The American Heart Association spent $4 million on the campaign, which includes digital, print, TV, social media and public relations. Ms. Brown said the brand's annual spending varies based on its projects, but it has been years since it put multiple millions of dollars toward a campaign. The group plans to weave the brand focus into community programs and events, as well as other campaigns like "Go Red for Women," which fights heart disease in women.
"This new brand positioning wraps around every single thing we do at the AHA," said Ms. Brown. "'Life Is Why' will allow us to help people see even more why our resources are important to them so they can be inspired to care about their health."
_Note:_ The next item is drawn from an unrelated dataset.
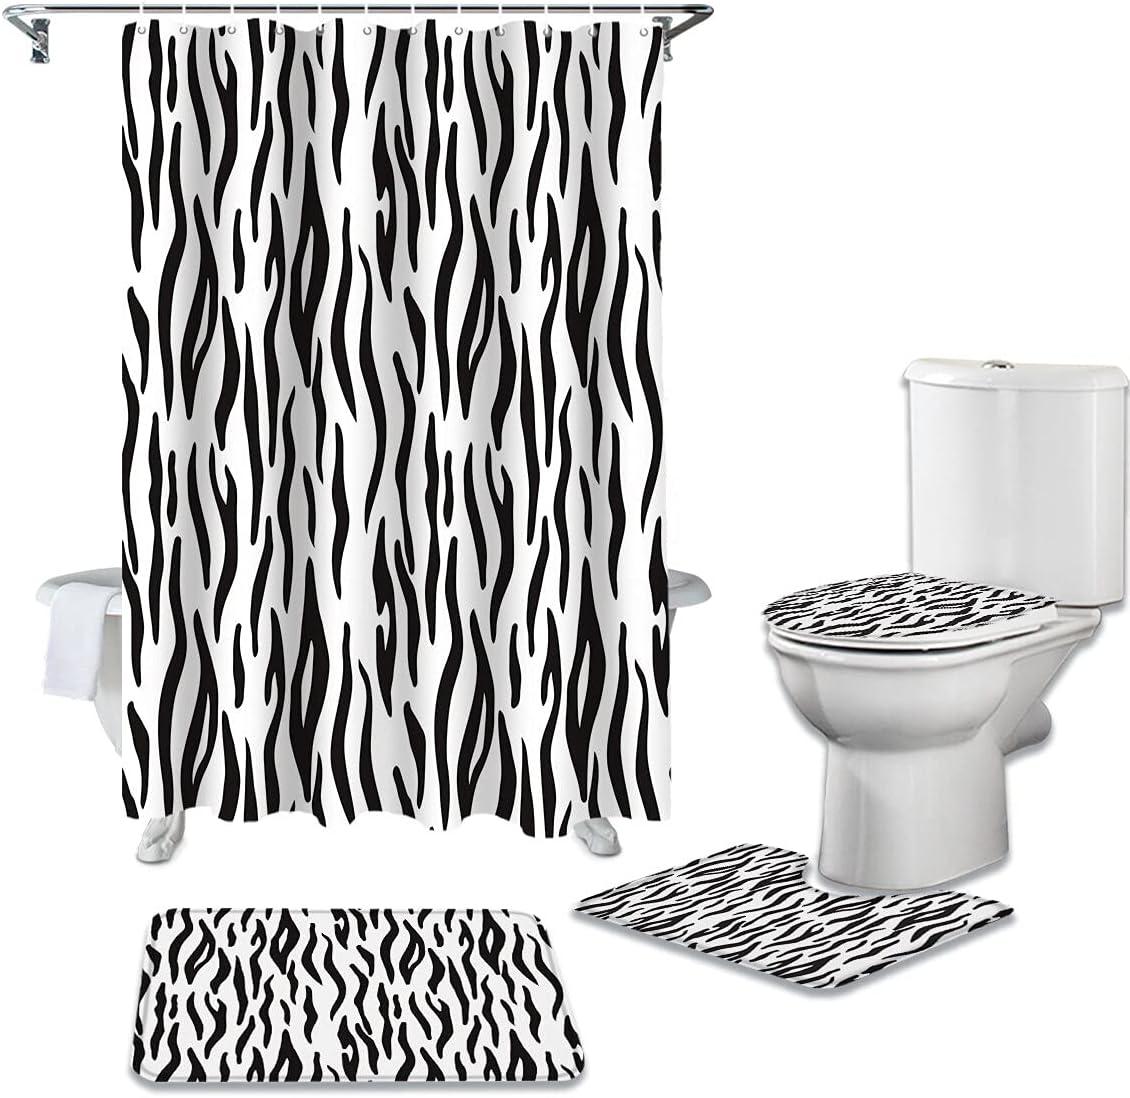 Animal Zebra Shower Curtain Toilet Max Dealing full price reduction 71% OFF Lid Bath Bathro Mat Set Cover

Social media is leading the charge by encouraging people to share their own stories using #lifeiswhy. The American Heart Association's campaign microsite and online ads also direct visitors to the Aviary app, its photo-sharing partner, where users can customize their photo submissions with graphics and filters. The photos are then uploaded to the microsite.
The push, which launched Aug. 1, drew 84,000 photo saves on the Aviary app in the first four days.
"The whole social strategy is to tell us what your 'why' is," said Kevyn Faulkenberry, VP-exec creative director of the Dalton Agency, which created the campaign. "The goal is to have people develop a brand affinity for the American Heart Association."
The campaign also includes TV spots focused on moms, who the organization views as a household's "chief health officer," and the ethnic groups it considers to be most at-risk: Hispanics, African-Americans and Asians. The ads, which break in December, will be airing in six high-risk cities based on ethnic, cultural and socio-economic reasons. They are San Antonio, Texas; El Paso, Texas; Atlanta; Memphis, Tenn.; Montgomery, Ala.; and San Diego, Calif.